* **What you should do**: Each line below needs to be returned exactly. Skip any picture.

* **Dataset section**:
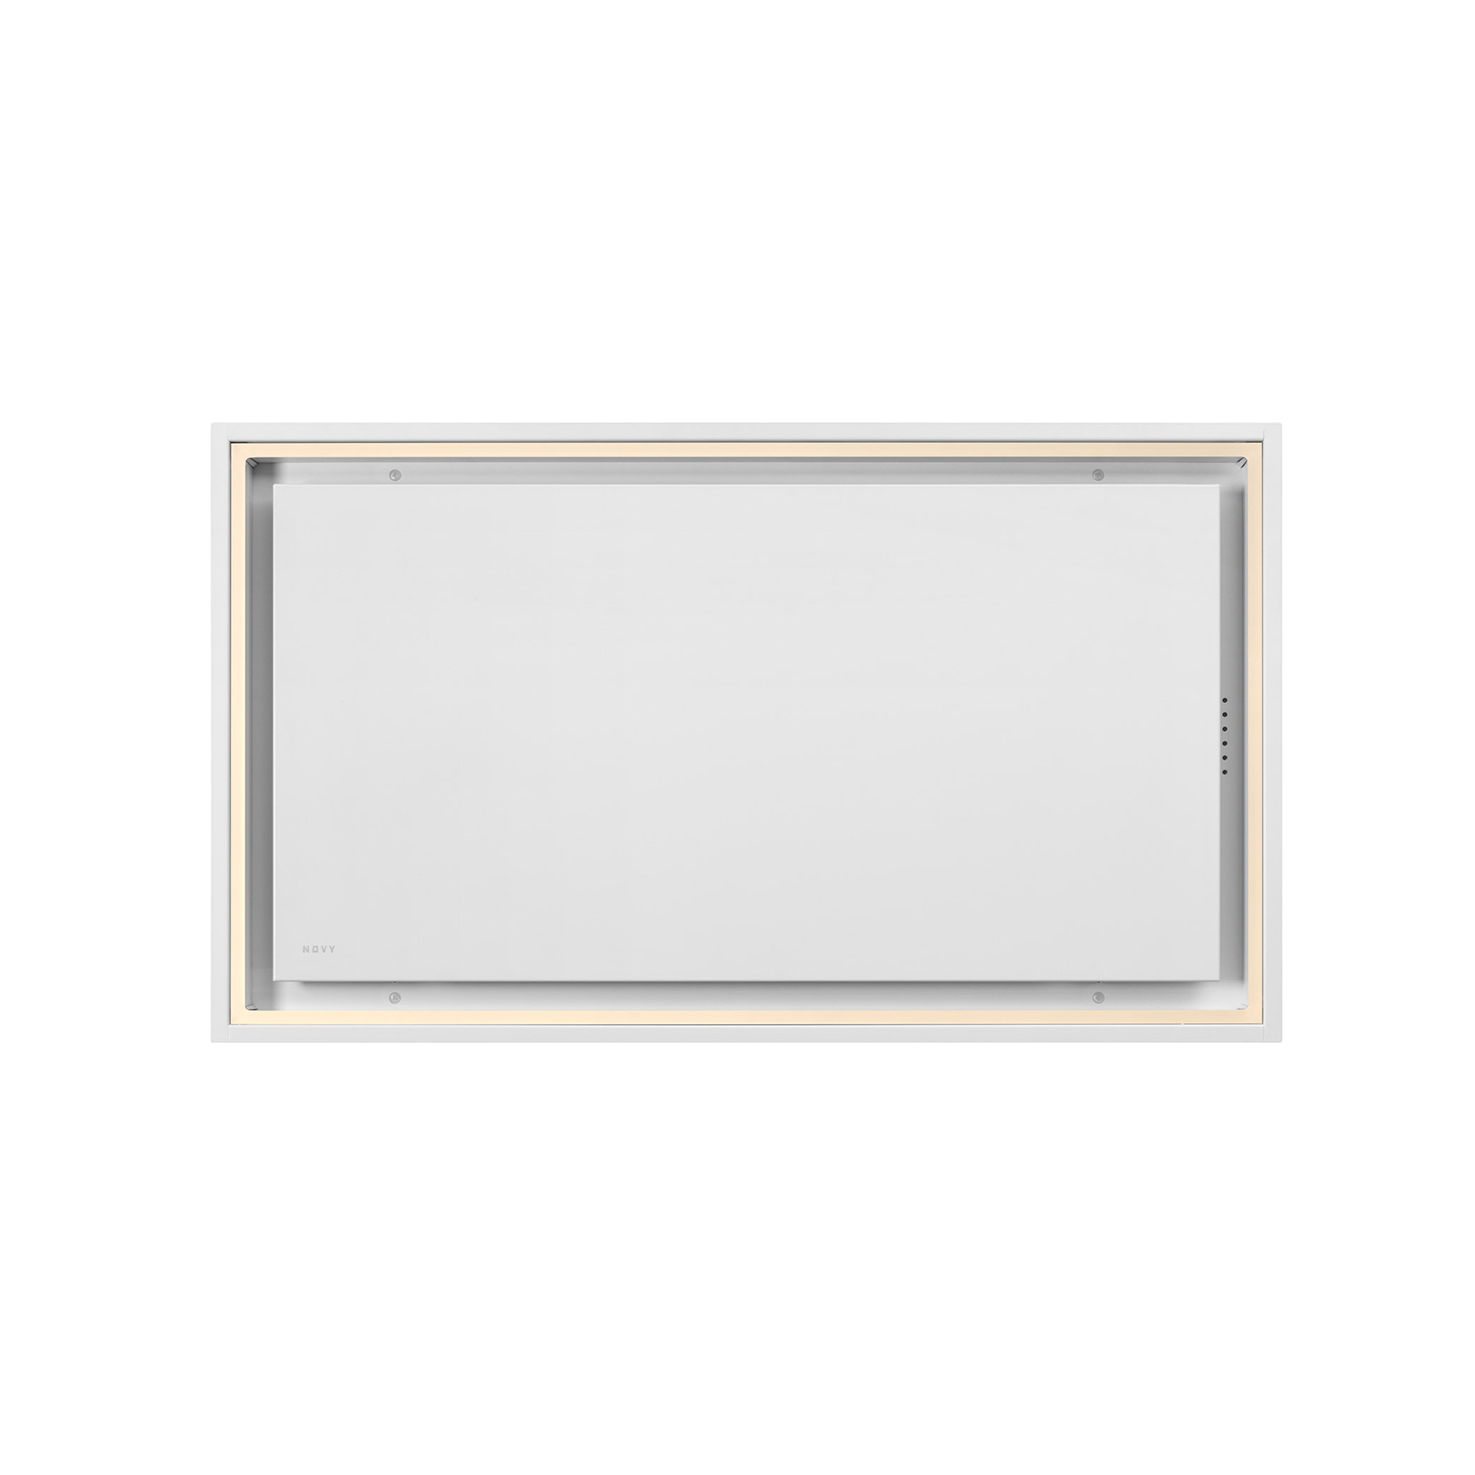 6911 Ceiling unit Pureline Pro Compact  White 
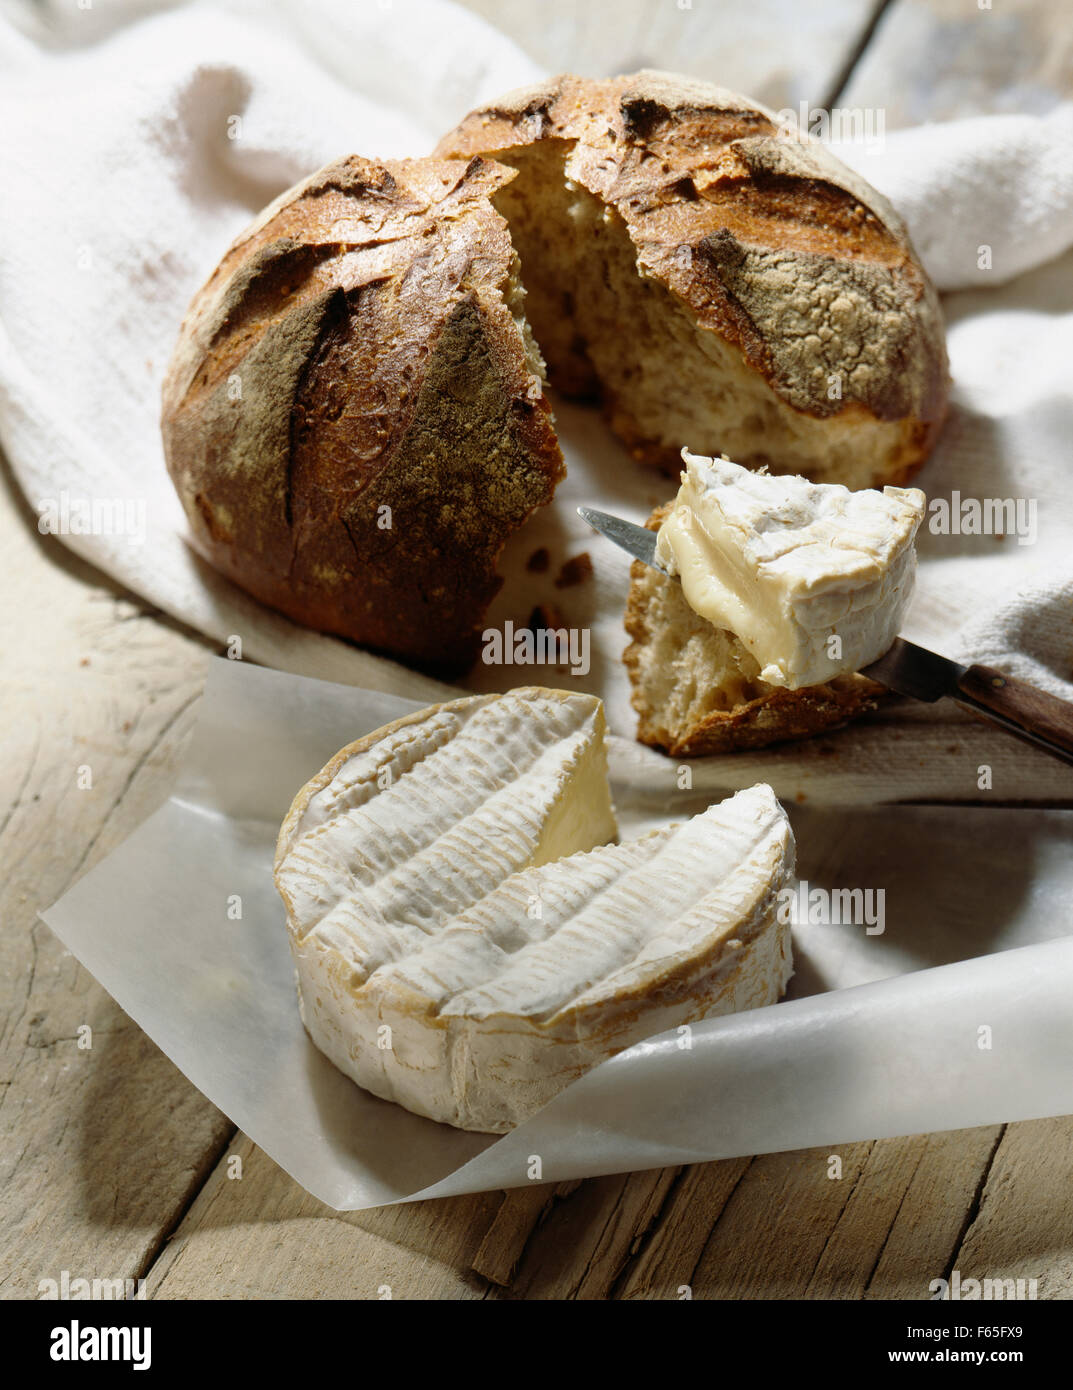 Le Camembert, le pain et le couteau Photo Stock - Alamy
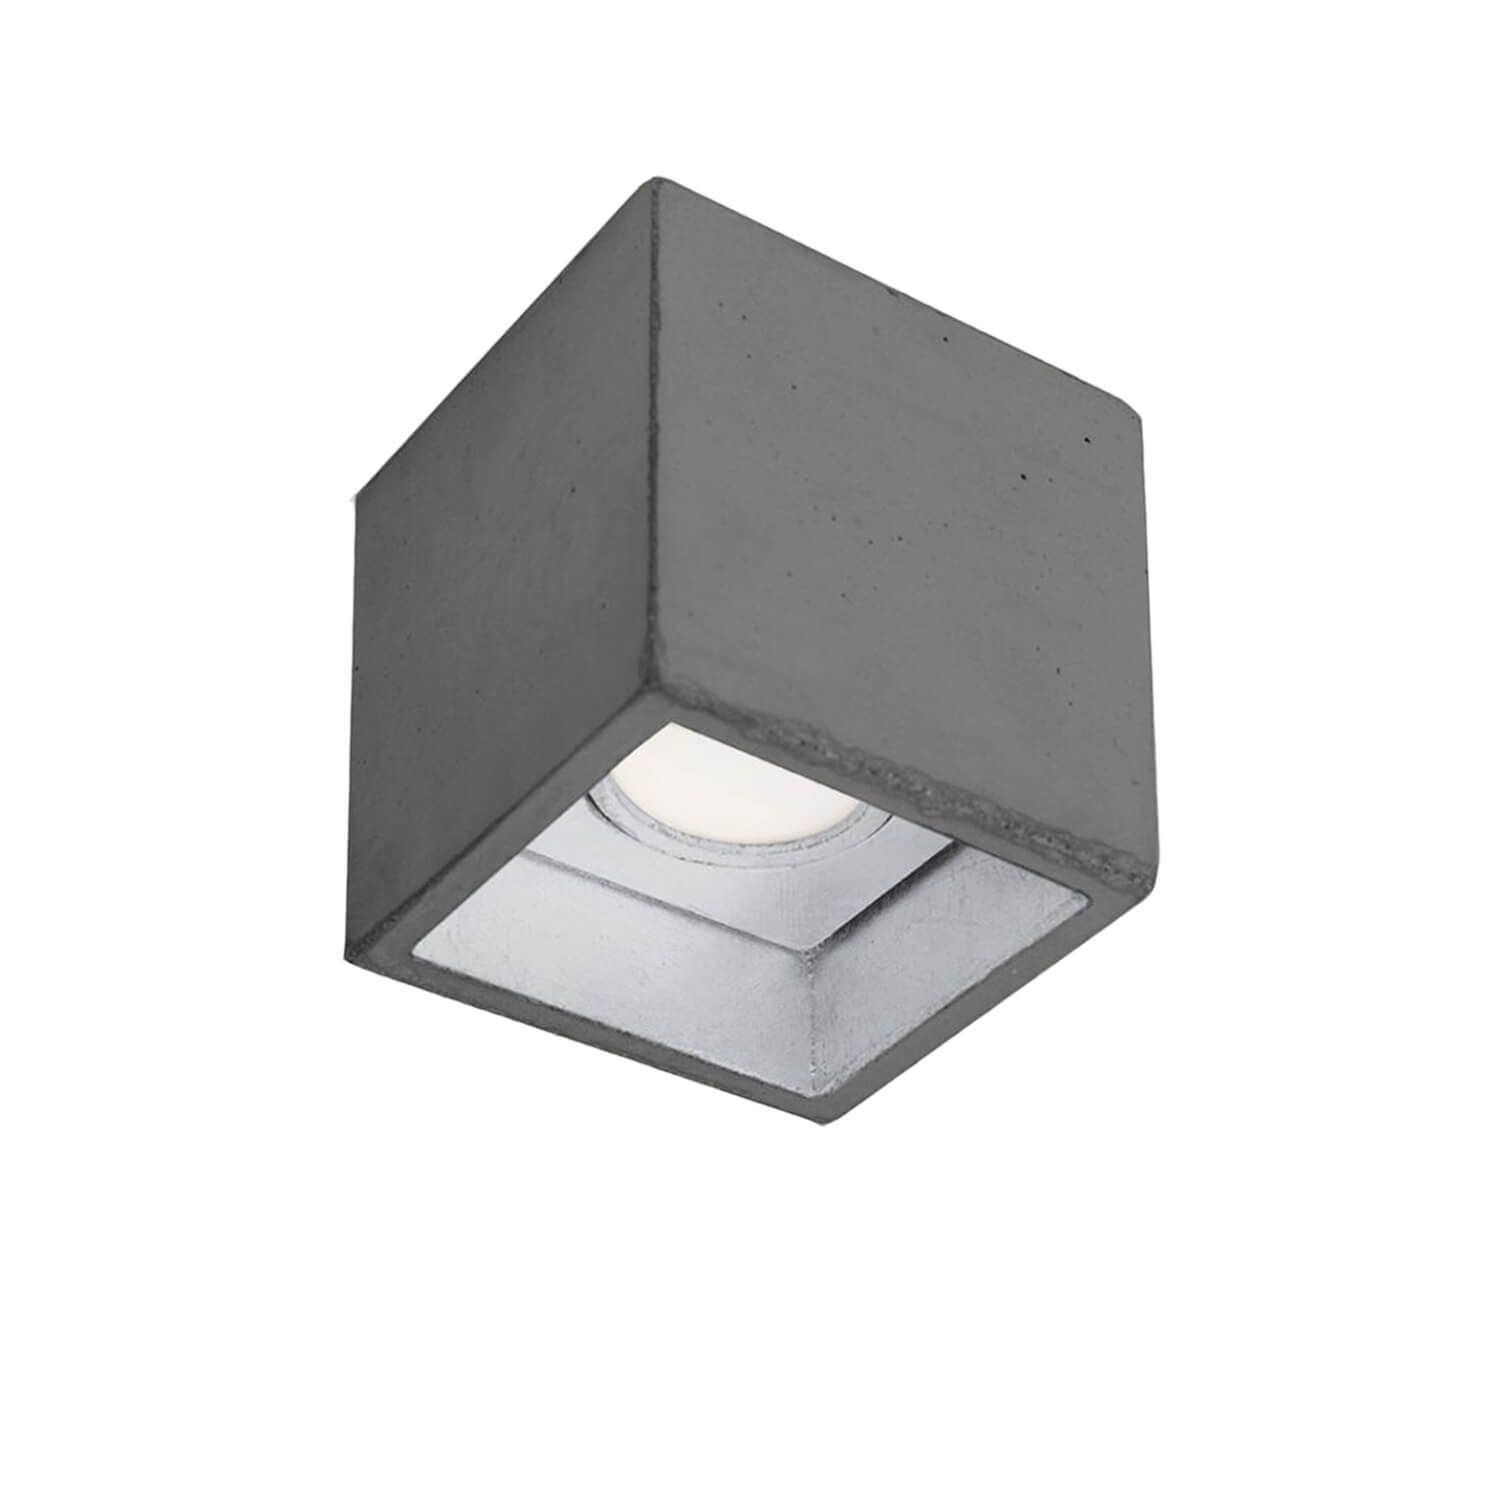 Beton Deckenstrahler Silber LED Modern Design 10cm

* **Task output**:
 6911 Ceiling unit Pureline Pro Compact  White 
 Le Camembert, le pain et le couteau Photo Stock - Alamy
 Beton Deckenstrahler Silber LED Modern Design 10cm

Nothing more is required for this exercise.